Anahola resident Hale Mawae asked whether OHA will use money from the settlement to continue its support for Kau Inoa, a Native Hawaiian voter registration drive that currently has 80,000 registrants, according to OHA’s website.

Many sovereignty activists believe that Kau Inoa is linked to the Akaka Bill, which would recognize Native Hawaiians as indigenous to the U.S., place them under the control of the Bureau of Indian Affairs and extinguish all claims to independence.

Through its support for Kau Inoa, many fear that OHA is positioning itself to become the governing entity for the Hawaiian Nation outlined in the Akaka Bill.

Scheuer acknowledged that some of the settlement funds very well could be used for Kau Inoa, but said OHA also has funded other independence initiatives.

Van Dyke said he hopes the state Supreme Court decision ‘will energize the process of resolving these (ceded lands ownership) claims. The Akaka Bill is one method for that because it would creative a Native Hawaiian entity and facilitate negotiations with the United States.’

He said the court’s decision ‘makes it clear action has to take place because it freezes land and prevents the state from doing what it might want.’

He noted that similar situations occurred prior to settlement of land claims with Alaska Natives, the Maori in New Zealand and Pueblo Indians in the American Southwest.

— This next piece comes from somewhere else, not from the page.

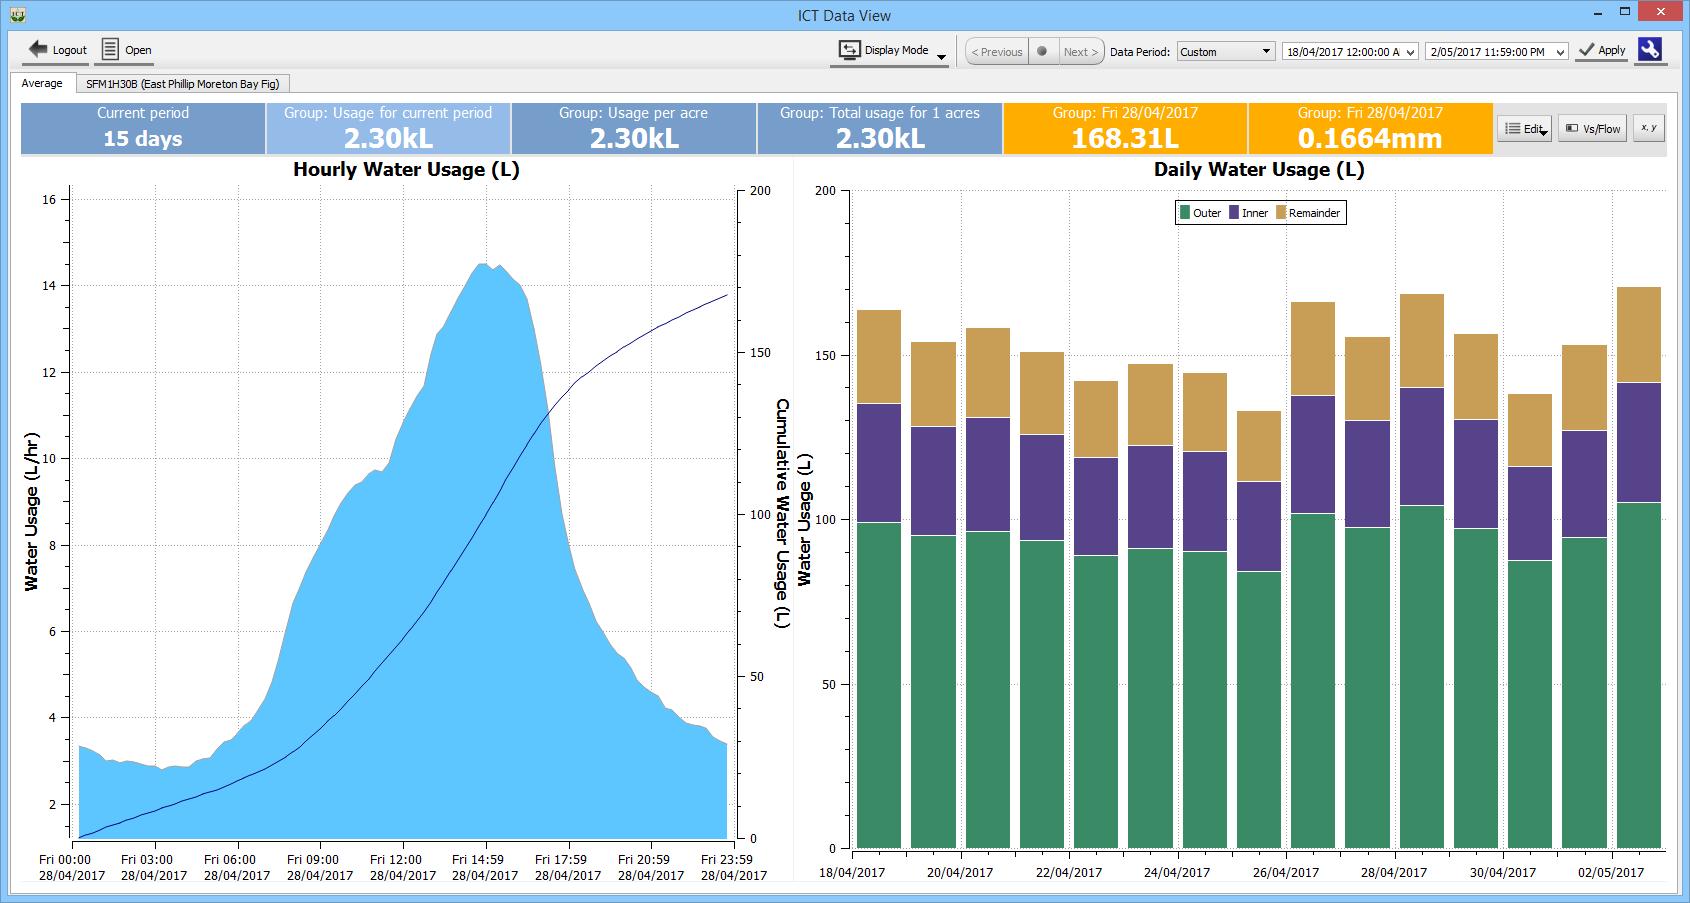 ICT CIS - Cloud Data Analysis and Display
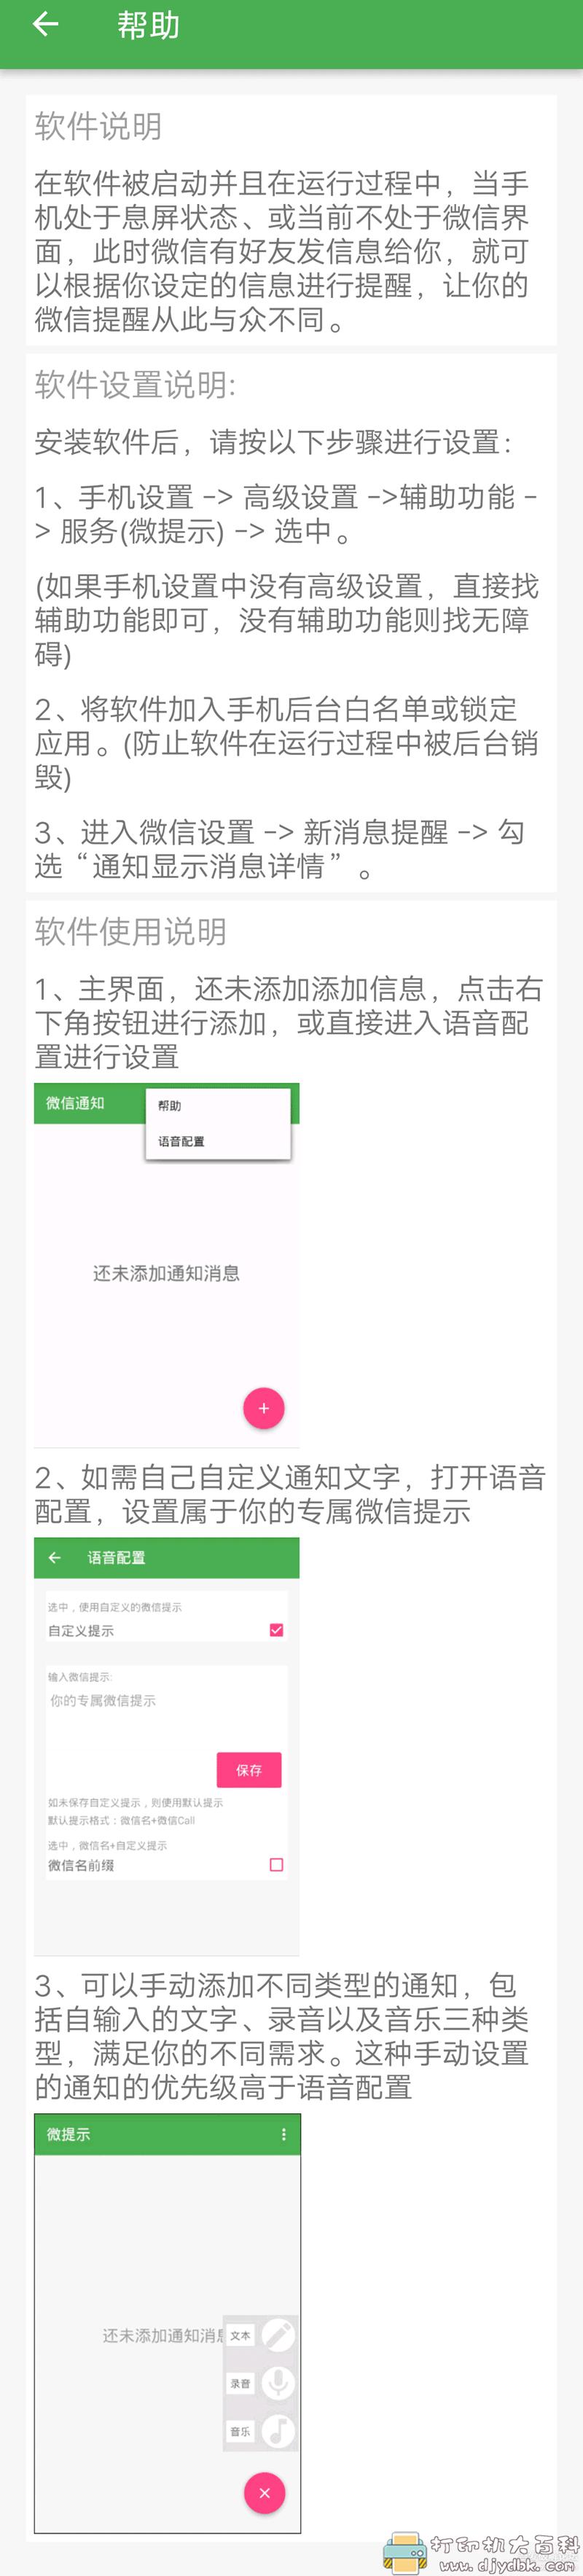 [Android]自定义微信提示音工具:微提示v1.1 配图 No.3

Blaisdell thinks the matter should be resolved through the internationally recognized process of self-determination for persons of occupied nations — a process he contends was wrongfully denied Hawaiians during the statehood vote.

Blaisdell said he and others plan to ask legislators to return Hawai’i to the United Nations list of non-self-governing nations, which would allow Hawaiians to decide whether they want to be incorporated within the U.S., independent or ‘freely associate with another country, such as Palau or the Federated States of Micronesia.’ During the statehood vote, only the first option was offered.

Take the money and take charge

Other Hawaiians feel the time is ripe to push for independence.

‘I think our kanaka people should realize we have an opportunity to reclaim it all if they support the Reinstated Hawaiian Nation process, rather than just a portion of it,’ Noa said.

‘We’re coming for our land,’ Ka`iulani Huff, a pro-independence Kauai resident told OHA representatives at the meeting on her home island. ‘You’re gonna settle for the pennies. We’re gonna get it all.’